Pada pagi hari kinerja Macready, New York Herald mengakui bahwa ketegangan meningkat, tetapi diprediksi secara optimis: “Perilaku para perusuh, pada Senin malam, telah membangkitkan perasaan ketertiban dan kesopanan dalam masyarakat, sedemikian rupa yang akan membuat semua upaya kerusuhan sama sekali tidak efektif dan tidak praktis. "

Mereka secara spektakuler salah.

Di tirai, sekitar 200 petugas polisi menempatkan diri di dalam teater di Astor Place, dengan 75 lainnya di luar, di mana kerumunan segera membengkak menjadi lebih dari 10.000 orang. Di dalam, amarah naik ketika menjadi jelas bahwa rumah itu telah oversold, memberi kita kesempatan untuk menyingkirkan riffraff dan masih mengisi aula (tiket yang dijual oleh agen Macready memiliki tanda pengenal khusus). Pendukung Forrest yang berhasil masuk ke teater mendapati diri mereka dipilih untuk ditahan selama aksi pertama pertunjukan, dengan kerumunan bersorak keras saat mereka diseret satu per satu. Para tahanan segera membakar sel tahanan mereka.
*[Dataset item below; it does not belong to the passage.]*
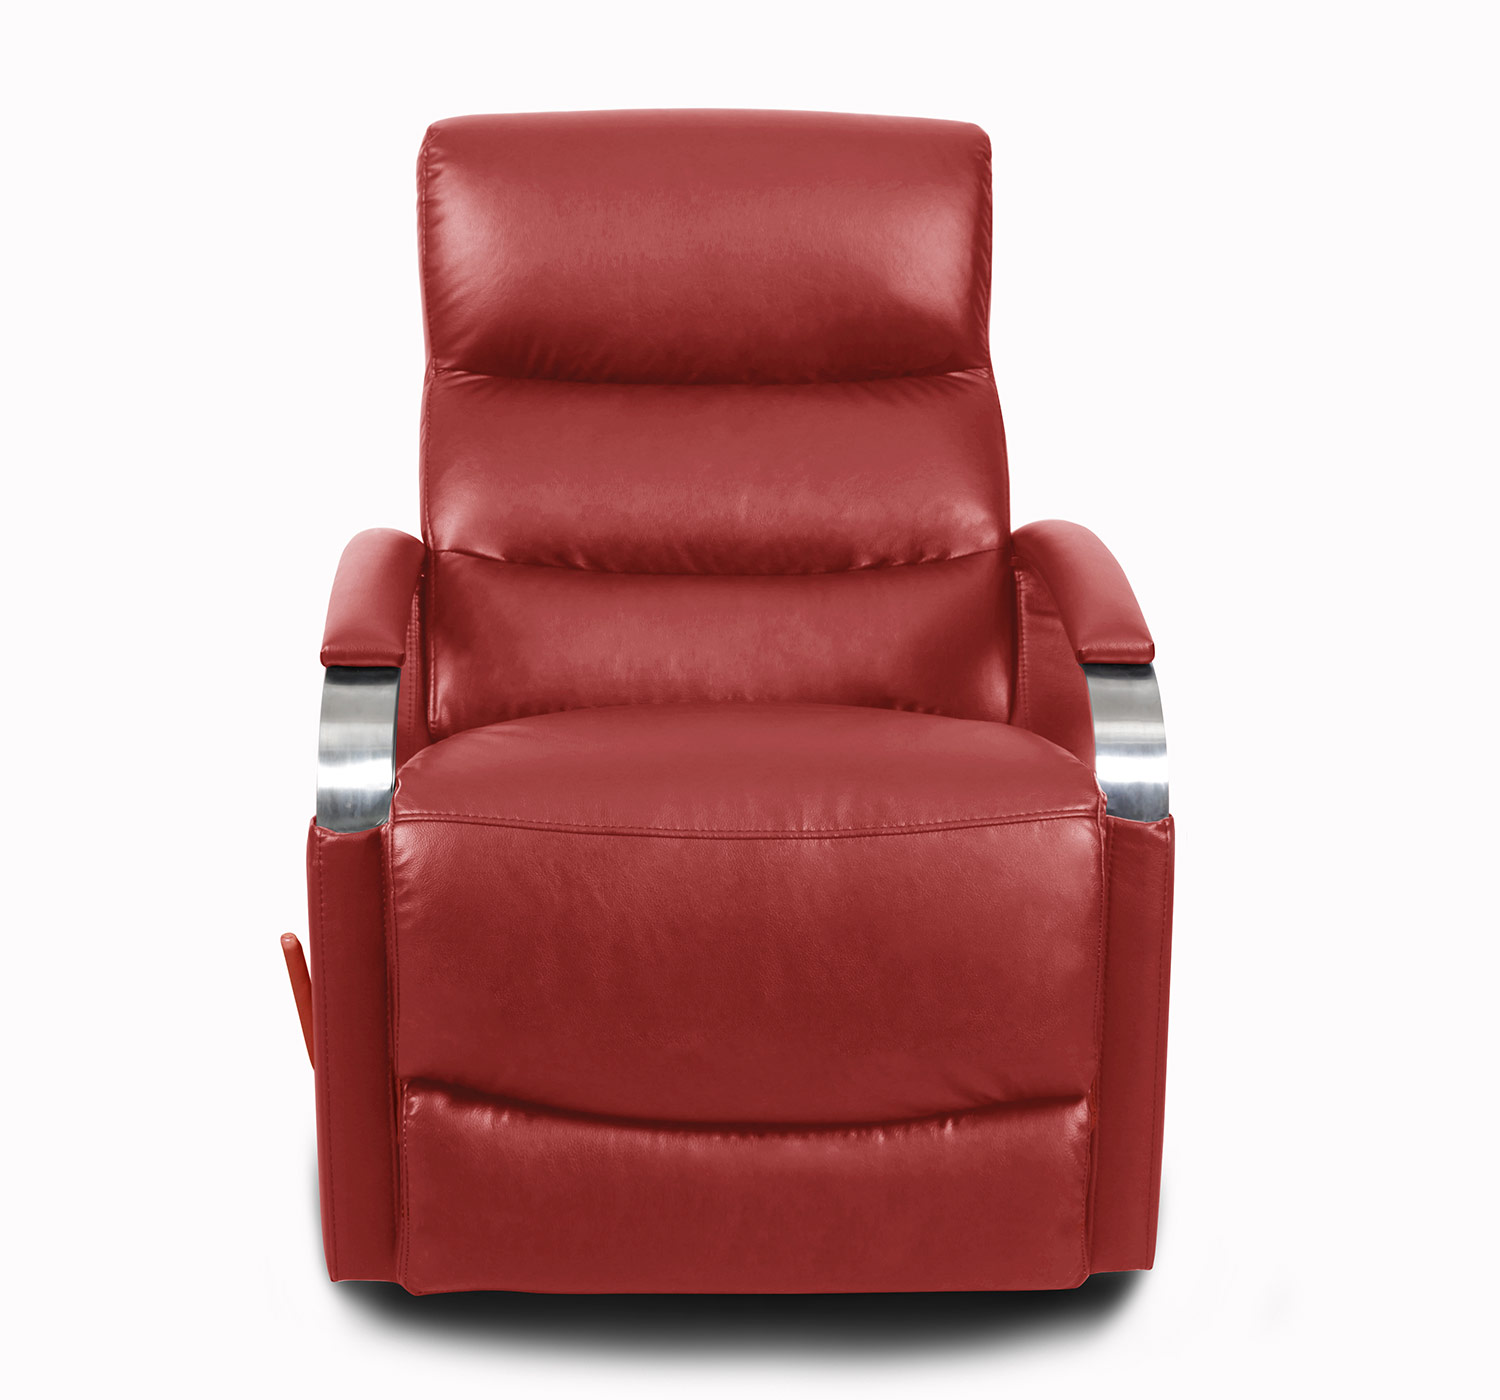 Barcalounger Shadow Swivel Glider Recliner Chair - Contact Red/Leather Match

Seorang pria terdengar berteriak, “Saya membayar tiket dan mereka tidak akan membiarkan saya masuk, karena saya tidak punya sarung tangan dan rompi putih, sial!”
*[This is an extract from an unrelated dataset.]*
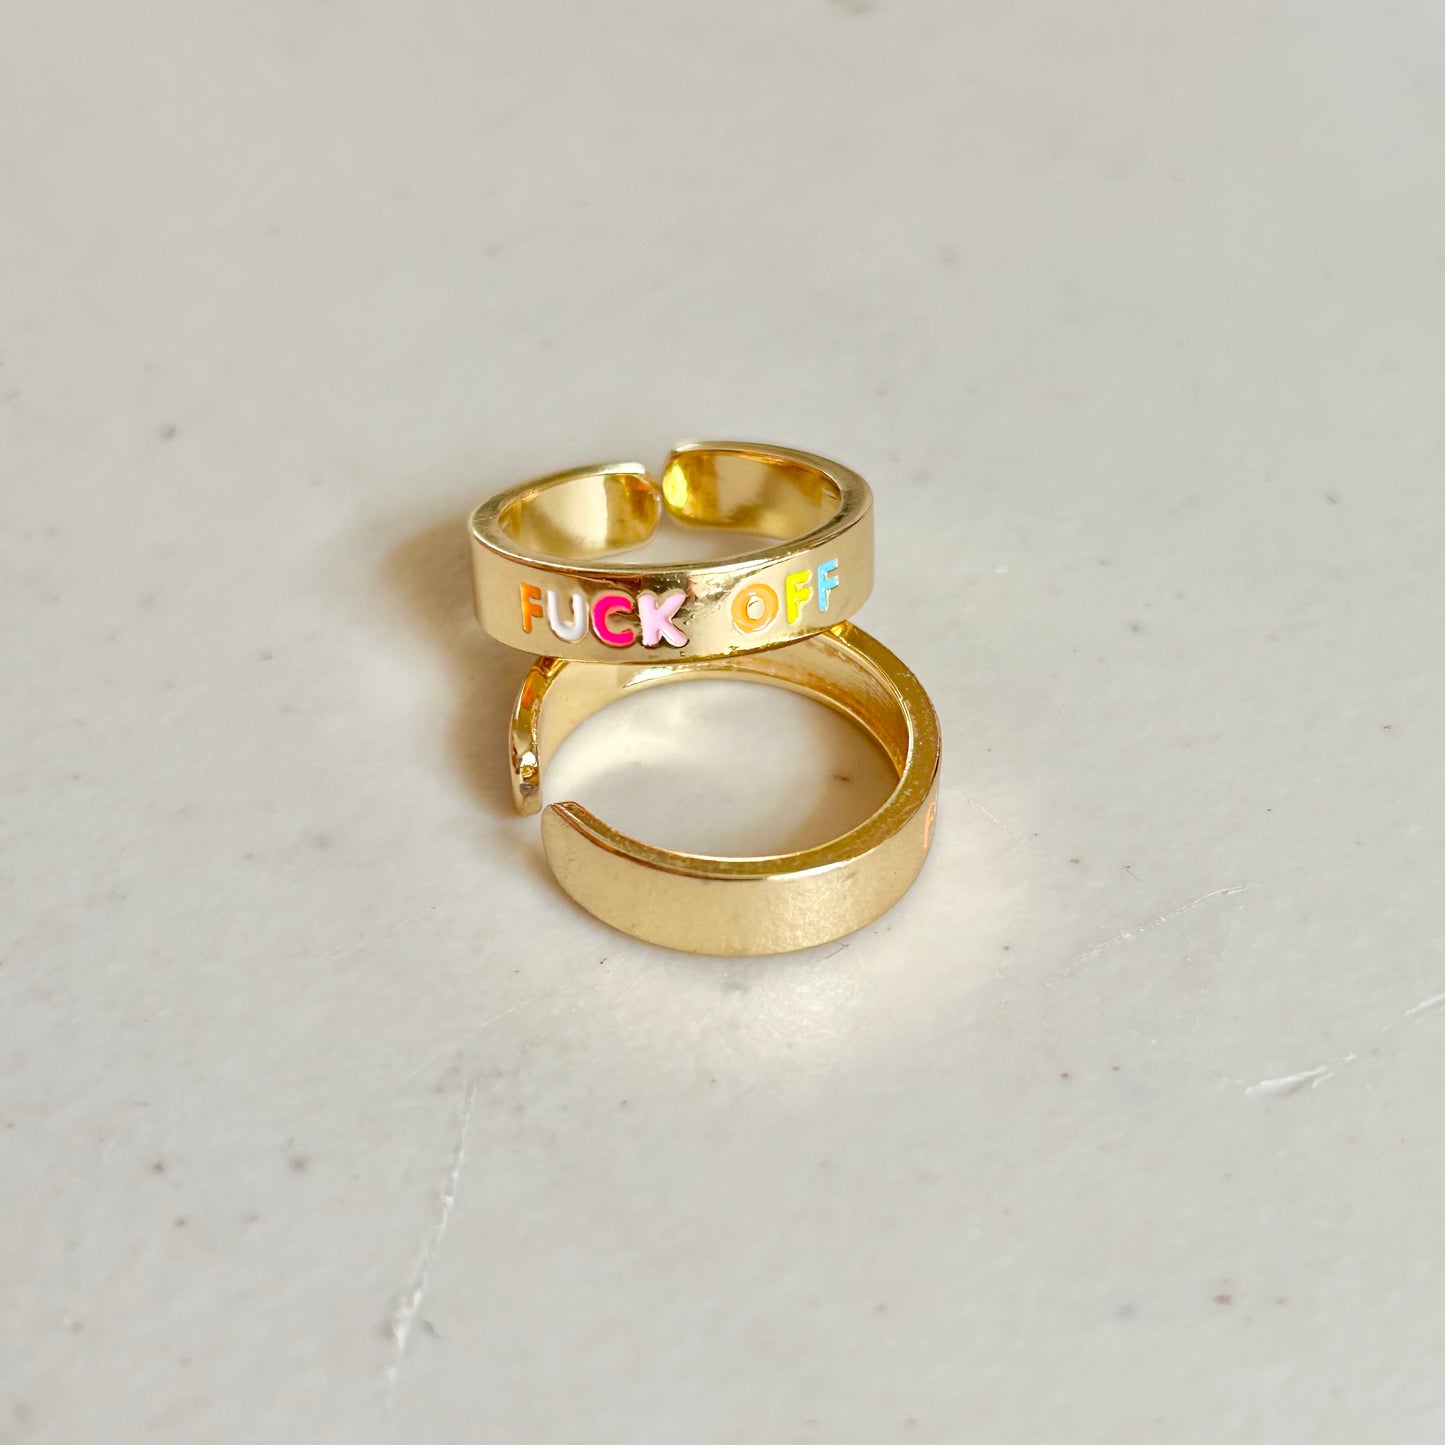 Fuck Off Adjustable Gold Ring

Di luar, kerumunan mengambil batu-batu bulat lepas dari lokasi konstruksi di dekatnya dan menyerang teater dengan berondongan batu, memecahkan jendela, menghancurkan pipa air dan lampu-lampu jalan yang gelap.

Polisi dan milisi negara bagian New York berusaha dengan sia-sia untuk mendorong kerumunan orang menjauh dari teater. Jenderal William Hall mengatakan kepada walikota bahwa sudah waktunya untuk melepaskan tembakan atau mundur, karena dia tidak akan membiarkan anak buahnya dilempari batu sampai mati ketika mereka membawa senjata. Para prajurit diperintahkan untuk menembak kepala orang banyak. Ketika ini tidak melakukan apa pun untuk mencegah hujan batu yang tak henti-hentinya, mereka menurunkan pandangan mereka dan menembak lagi, menembaki kerumunan. Pada akhirnya, hanya ancaman tembakan meriam yang berhasil membubarkan kerumunan, dan ketika kekacauan itu mereda, 18 orang terbaring tewas dan belasan lainnya terluka, banyak di antara mereka yang berada di dekatnya. Lebih dari 100 perusuh ditangkap. The Herald menggambarkan orang mati dalam liputan tindak lanjut: beberapa dari mereka orang Irlandia, beberapa "lahir di Negara ini;" pria dan wanita; tukang kayu, juru tulis, printer, buruh. "Semua sepakat, " kata surat kabar itu, "bahwa mereka hidup di masa-masa sulit dan lingkungan yang sangat berbahaya."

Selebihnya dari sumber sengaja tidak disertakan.